### [Work instruction]
Lines from the one containing "Elegance Blue Black" through the end of the material are to be retyped exactly; do not copy pictures.

### [Provided data]

_ _ _ _

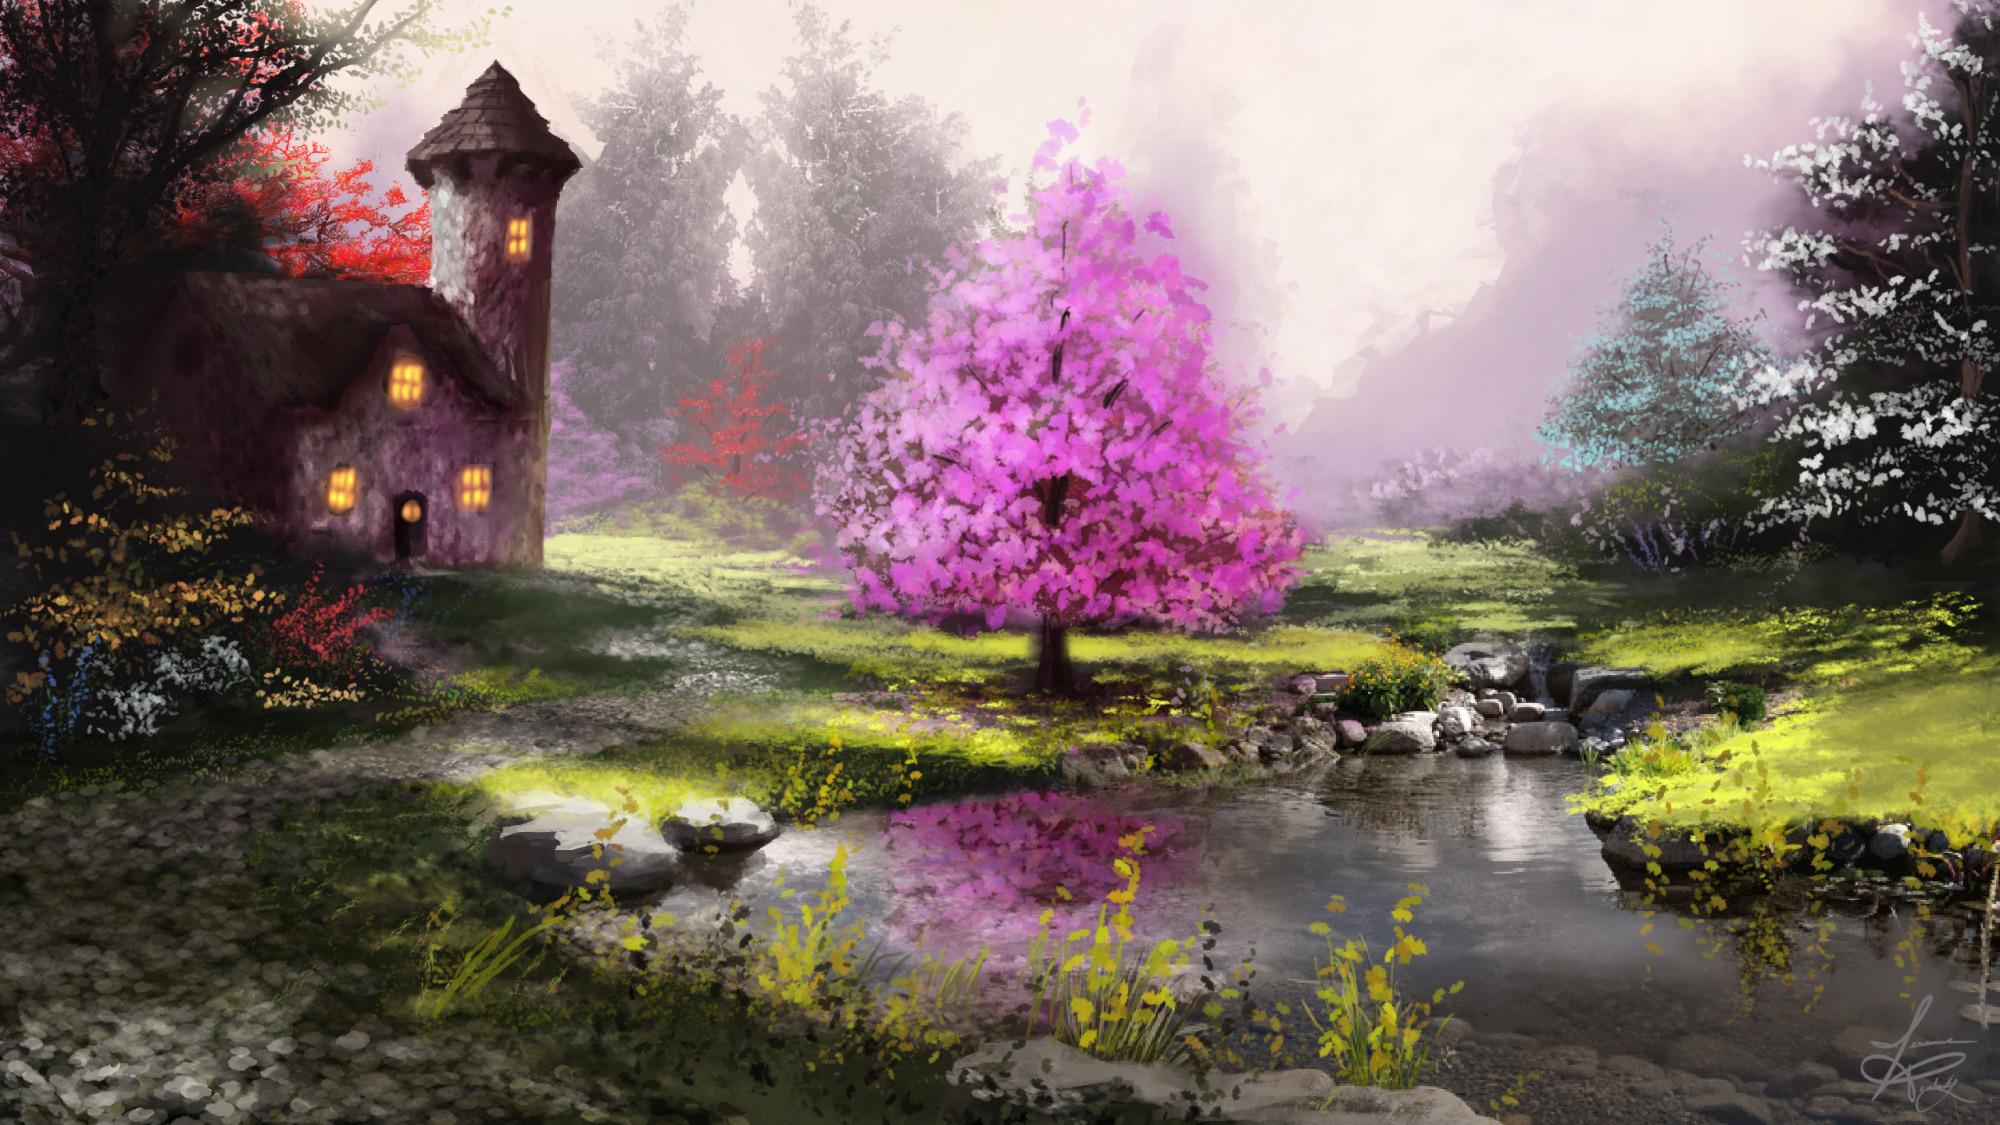 обои на рабочий стол картинки красивые сказочные весна правил нет
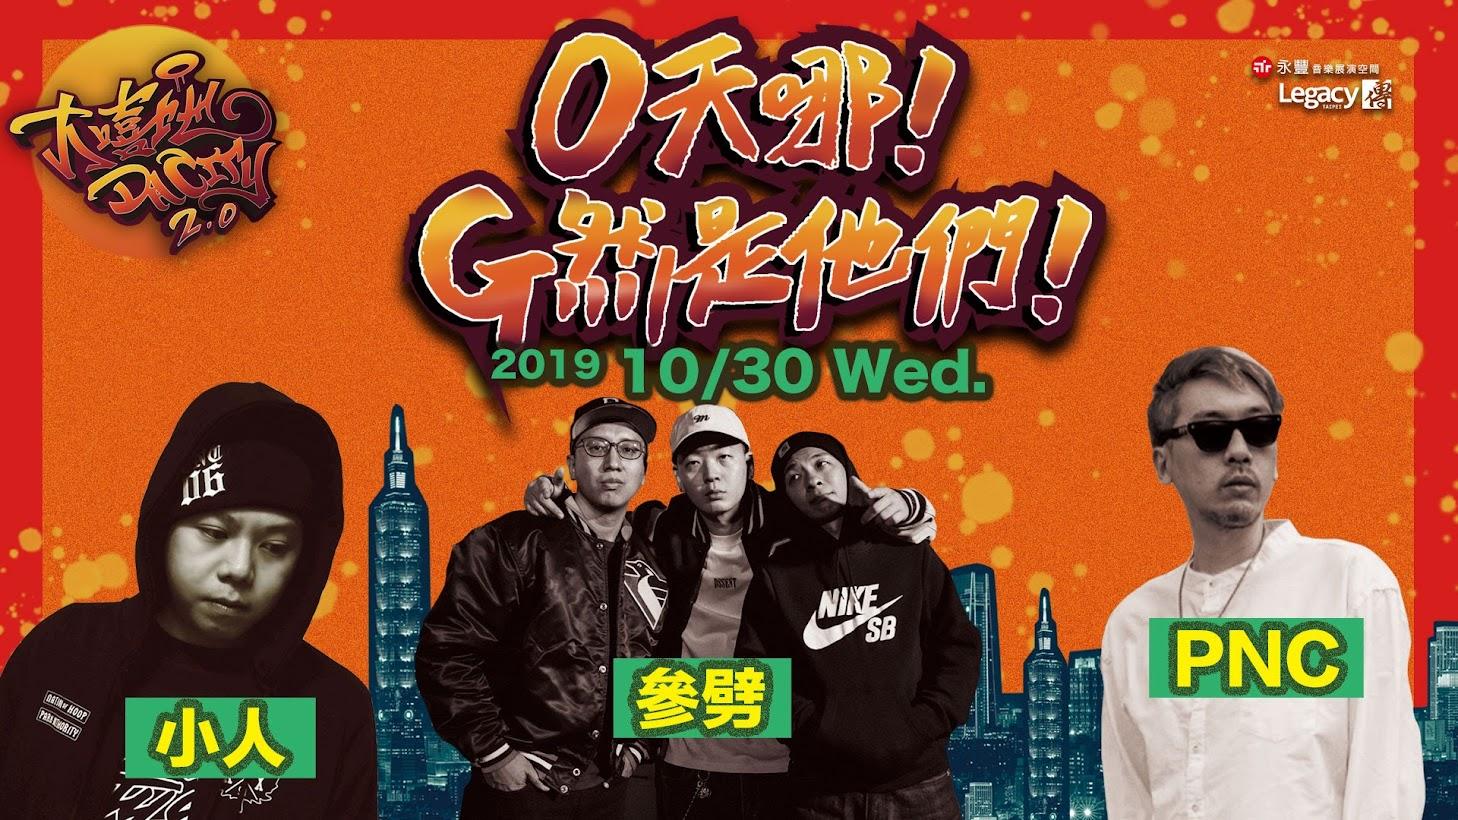 十月三十日大嘻地2.0首發場, 祭參劈、小人、PNC 陳老師超罕見演出
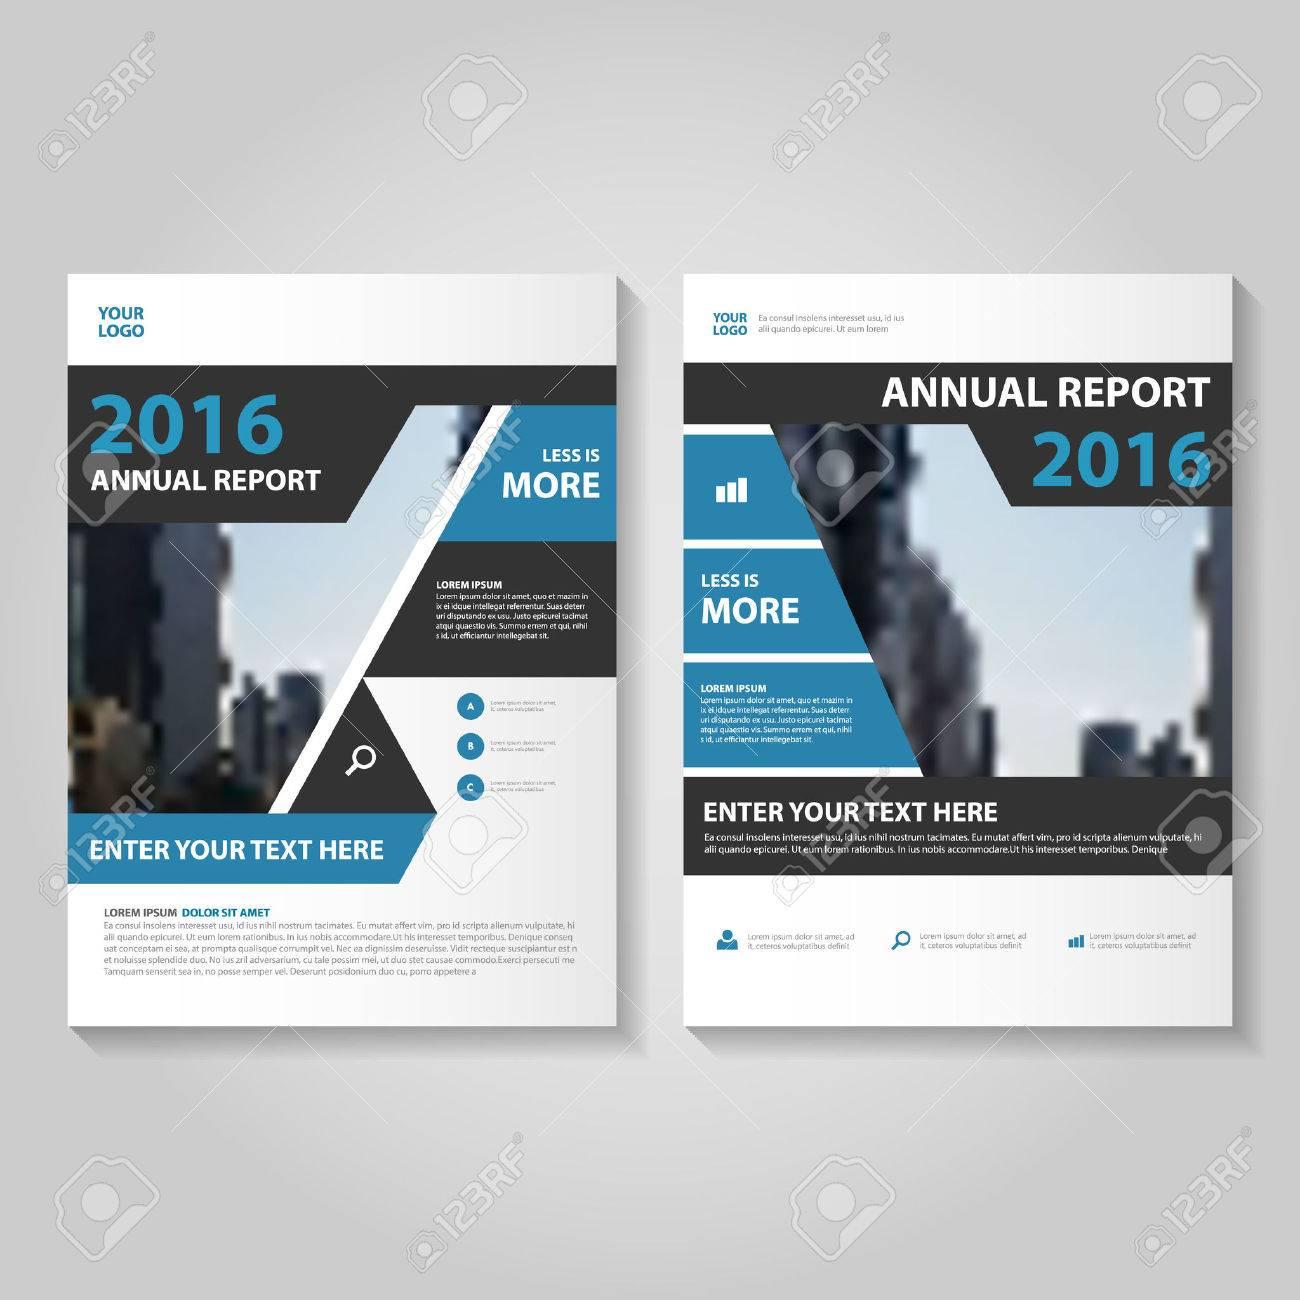 Elegance Blue Black Annual Report Leaflet Brochure Template Design
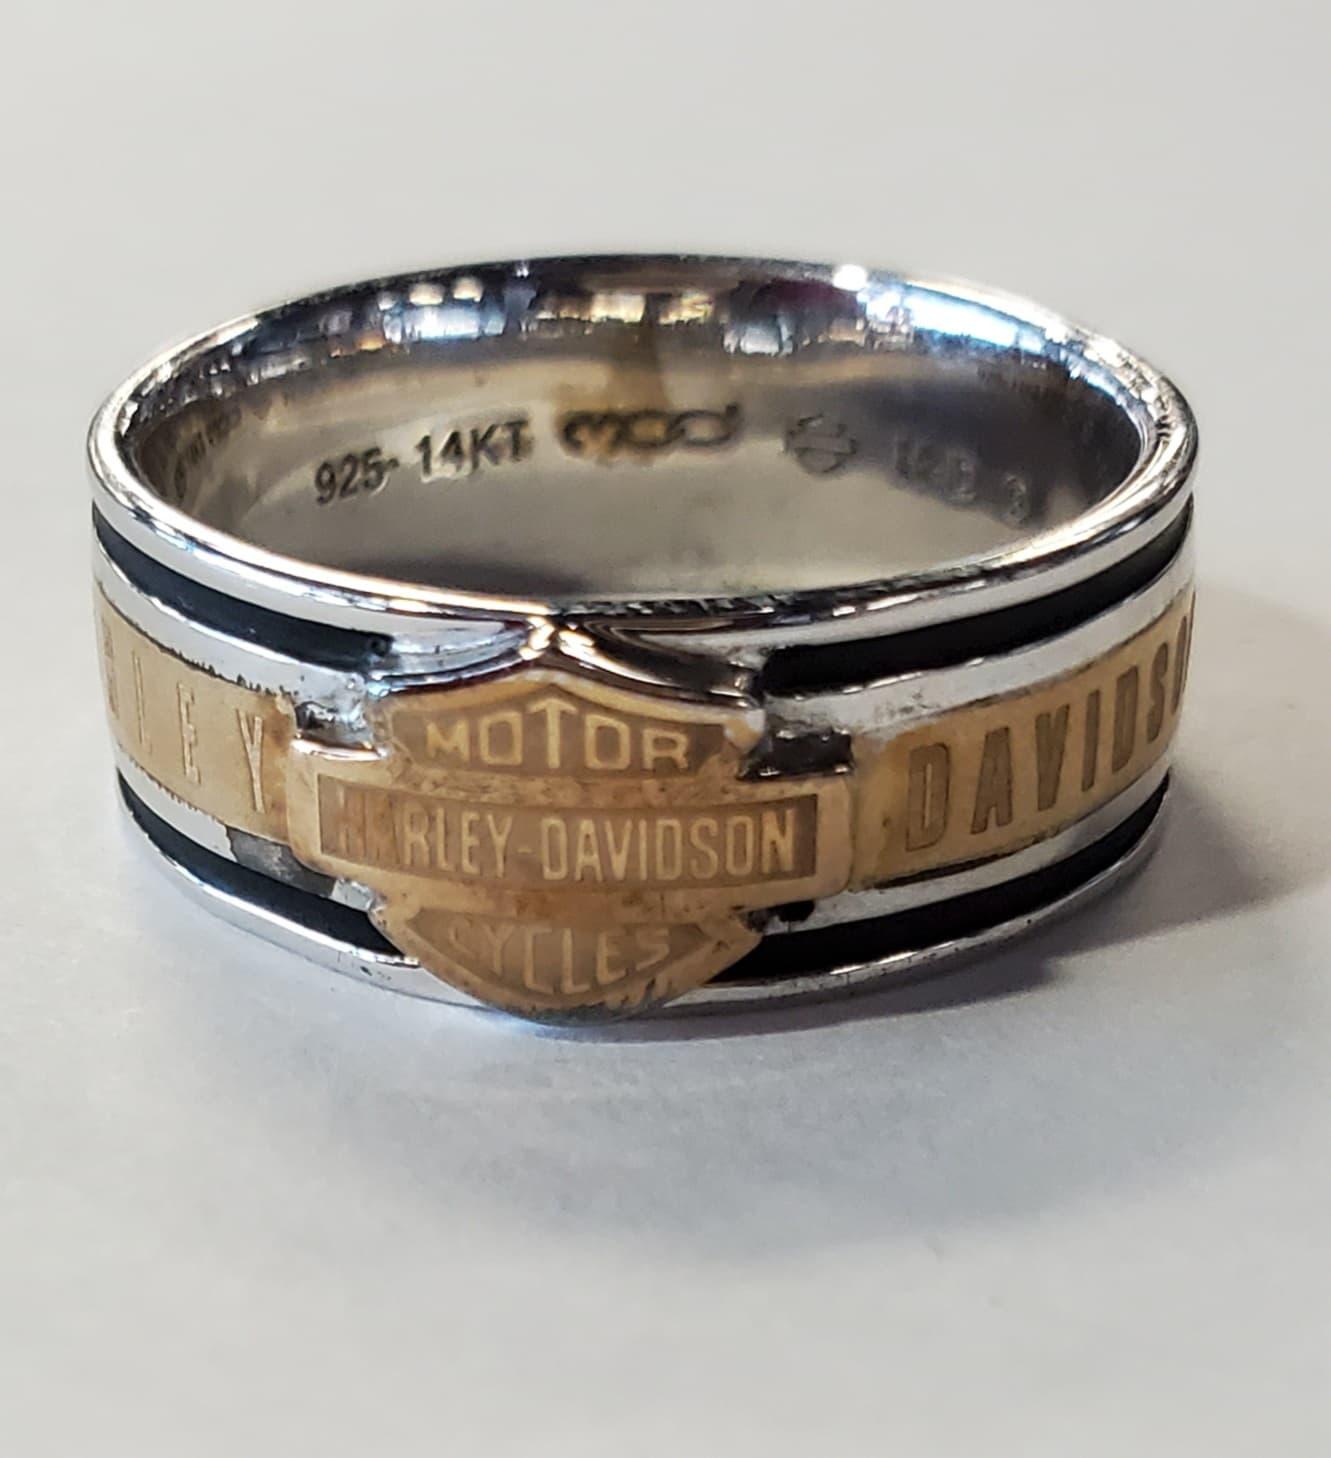 HARLEY DAVIDSON 14K GOLD INLAY & SILVER MEN'S BAND RING

_ _ _ _

### [Exercise response]
 Elegance Blue Black Annual Report Leaflet Brochure Template Design
 HARLEY DAVIDSON 14K GOLD INLAY & SILVER MEN'S BAND RING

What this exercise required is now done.